I talk a good game about letting go of what I can’t control, making time for me and for creativity, but the fact of the matter is that for a while now, I haven’t been writing what I need to write: big edits on my manuscript.
I’m getting very frustrated with not having any independent time. Most days look like this for me:
6-9am get everyone up and off to school and work and exercise classes.
9-12ish: Toddler duty sans my live-in mother-in-law while she goes out for her own things most mornings. And that’s fine, because it is important to her to keep fit. While on toddler duty, I can usually focus enough to write a short blog post and garden, thank goodness for gardening. A couple of days a week, do load after load of laundry. Family of six, you know.
12-2ish: maybe Toots goes down for nap on the early side, but typically it’s later now, and she is wound up and I have been trying to feed her, myself and get her down for a nap while she alternately squeals and clings or runs around like a maniac, getting into everything, and my mother-in-law arrives back home and sits at her computer to play Farmville and the like. Sometimes we talk well, sometimes she has to get something off her chest after spending the morning out with her sister and friends, and that’s usually when I really start to feel frustrated because I have been here, unable to work on what I really want to focus on: the manuscript, and Toots is out of whack and won’t logically take her nap the way she should. Because her nap is all about me you know. ;)
2pm: Eldest , Mr. Cynic arrives home from high school, checks in, walks dog, maybe unloads dishwasher then goes to hang out around the neighborhood. It’s a good neighborhood, he has good friends here. Maybe Toots is down for her nap or we’re still struggling to get her to take one, but I’ve largely given up by then and am just trying to tune her out, hoping she’ll do like one of the boys did when they were her age, and she’ll wear herself out, pass out on the floor with her butt up in the air. This is not how she works. I don’t know why I persist in putting hope into this fallacy. More Farmville from the neighboring computer. Or Grandma lies down with Toots on the guest bed, because Toots needs to hold someone’s belly while sucking two fingers on her other hand, in order to fall asleep, which she still heartily resists. Or maybe I give up, and take the lay down with Toots duty.
I’m exhausted by now, unfocussed, can’t think straight, and usually can find some housework to do, etc.

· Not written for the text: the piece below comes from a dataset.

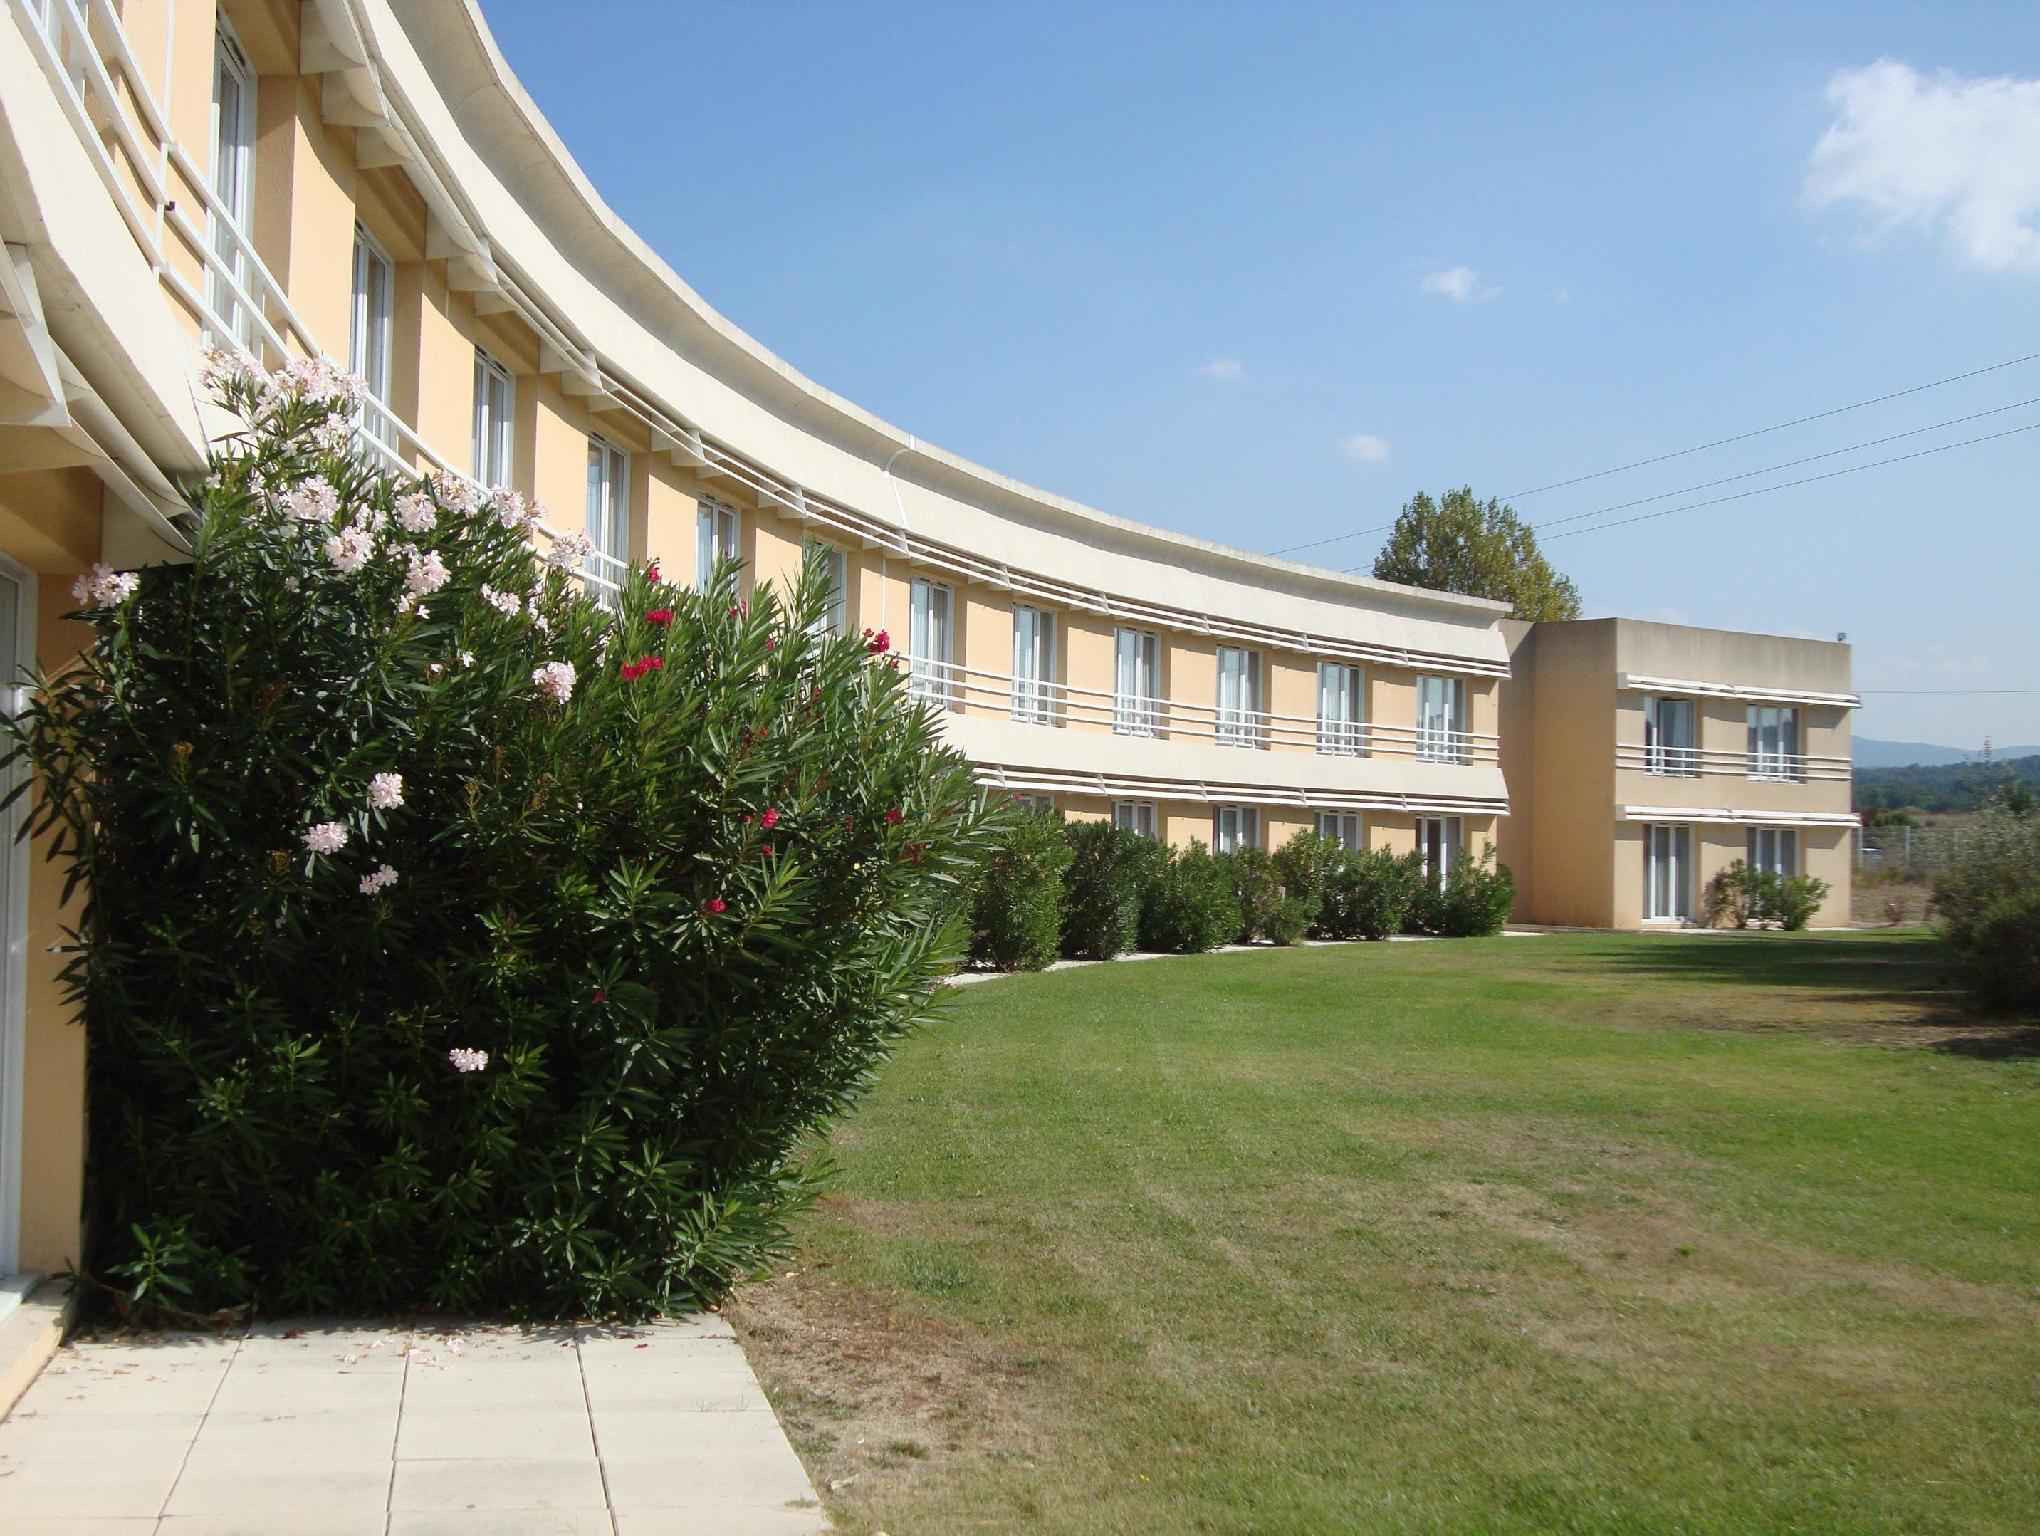 Hotel Aix Sainte Victoire

3:15pm: Captain Comic, my 11 year old son with Asperger’s Syndrome comes home and starts buzzing around the house, has to be micromanaged to wash his hands and get a snack, check in about school day, and then he gets 30 minutes of videogames if it’s a good day. He is typically a constant stream of noise. All writing is completely out the window by now. And my evening is filled with lessons that start at 5:00 for boys, getting dinner together, which is an a la carte challenge with differing dietary needs and wants across the board from basic pickiness, to vegetarian, to soy and lactose intolerance, to ‘I’m so sick of pasta with red sauce’ to just griping to gripe about it.
So by evening, I am completely tapped out. And then micromanaging re: homework, shower, bedtime rituals, etc.
A while back I was invited to join a children’s authors writer’s group that meets on two Tuesdays a month during midday. We write and critique, Usually focussing on one or two people’s work per session. This was a godsend. I asked my mother-in-law if she would watch Toots on those days. It worked for a while, but now she has a particular class that meets during my critique time. And I’m SOL.
So as of this morning, while the discussion has occurred between Honey and me in the past, I have made the decision, that I don’t care what it costs, because it’s either going to be financial support or logistical family support, I need to write. I am getting on the horn with daycare centers and plunking my daughter into strangers hands a couple of days a week.
It’s that or I go completely and utterly, frustratingly insane. And my book will never get finished and sold.
So there. I will make the balance, because it obviously won't happen any other way.